He looked important, and evidently had something more to say, if he could find a way to say it.
“We’re all thinking of the same thing,” he began. “It’s the old Squire who will soon be lyin’ dead, how he never went out of the place for seventy long years—as long as I can remember. Why? Because there was a man murdered and a woman died. Who was the man murdered? The Squire’s brother-in-law. Who murdered him? John Dunning, they said. John Dunning, he was tried and he got off and he went away. Who murdered that man? John Dunning didn’t. Why? Because John Dunning didn’t go to the wood for two hours afterwards. Who murdered that man, I say?”
At this point he accepted the hospitality of the proffered glass of beer.

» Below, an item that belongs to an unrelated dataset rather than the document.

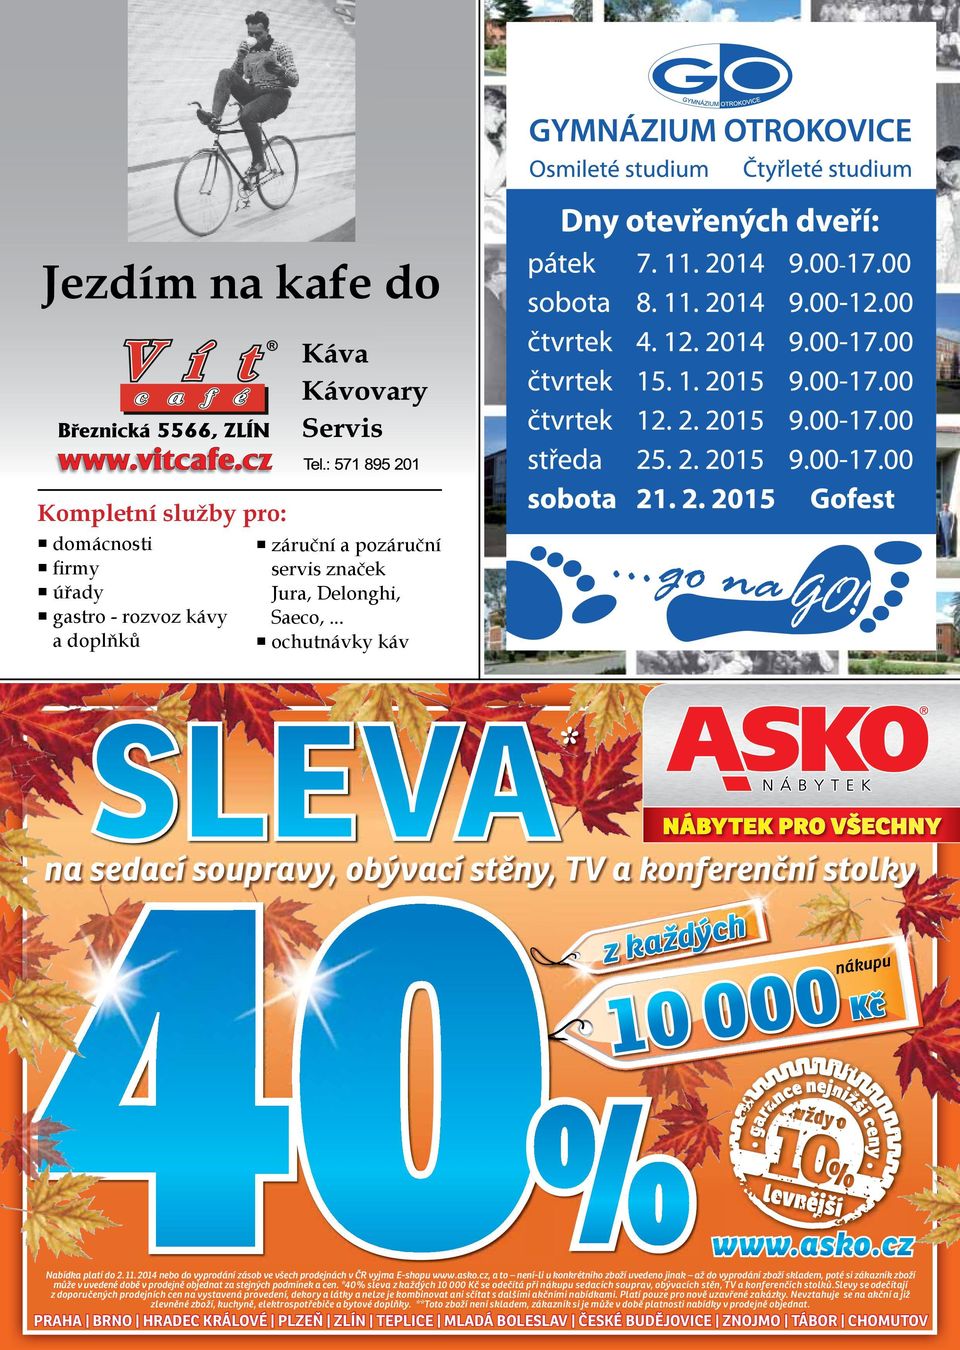 2014 nebo do vyprodání zásob ve všech prodejnách v ČR vyjma E-shopu www.asko.
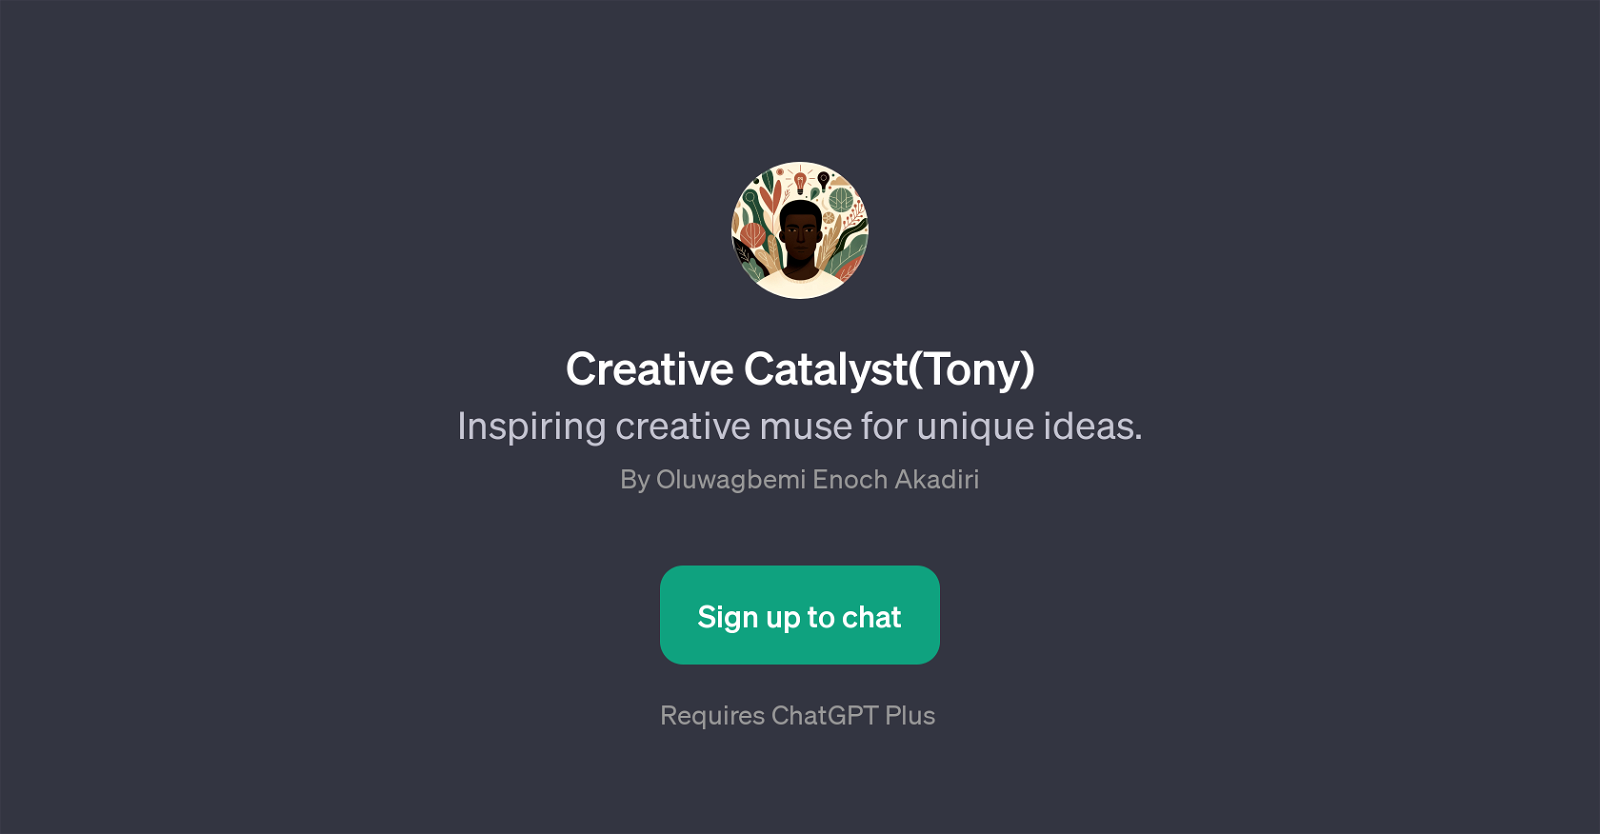 Creative Catalyst(Tony) website

“I know who done it. I always have known. Nobody knows but me. I’ve known for all these years; and I’ve never told. For why? He would ha’ killed me, too. For certain sure he would ha’ killed me. Who was it, then? I’ll tell you. It was the man that lies a-dyin’ over there. It was the Squire himself—that’s who it was. No one else was in the wood all the morning but the Squire and the other gentleman. I say, the Squire done it; the Squire and nobody else. The Squire done it. The Squire done it.”
The men looked at each other in amazement. Then the blacksmith rose, and he said solemnly:
“Thomas, you’re close on eighty years of age. You’ve gone silly in your old age. You and your Squire! I remember what my father said, ‘The Squire, he left Mr. Holme at the wood and turned back.’ That was the evidence at the Inquest and the Trial. You and your Squire! Go home, Thomas, and go to bed and get your memory back again.”
Thomas looked round the room again. The faces of all were hard and unsympathetic. He turned and hobbled out. The days that followed were few and evil, for he could speak about nothing else, and no one heeded his garrulous utterances. Assuredly, if there had been a lunatic asylum in the village he would have been enclosed there. A fatal example of the mischief of withholding evidence! Now, had this boy made it clear at the inquest that the two gentlemen were together in the wood for ten minutes or a quarter of an hour, one knows not what might have followed.
Thomas did not go home. He turned his steps in the direction of the Hall, and he hobbled along with a purpose in his face. His revelation had been received with scorn and derision. Perhaps in another place it would be received with more respect.
The housekeeper met Leonard and Constance at the open door. It had stood open all day, as if for the admission of the guest whose wings were hovering very near.
“He’s in the library,” said the woman, with the corner of her apron brushing away the tears with which women-servants always meet the approach of Azrael. “I wanted him to go upstairs and to bed, but he takes no notice. He’s been in the library nearly all day.”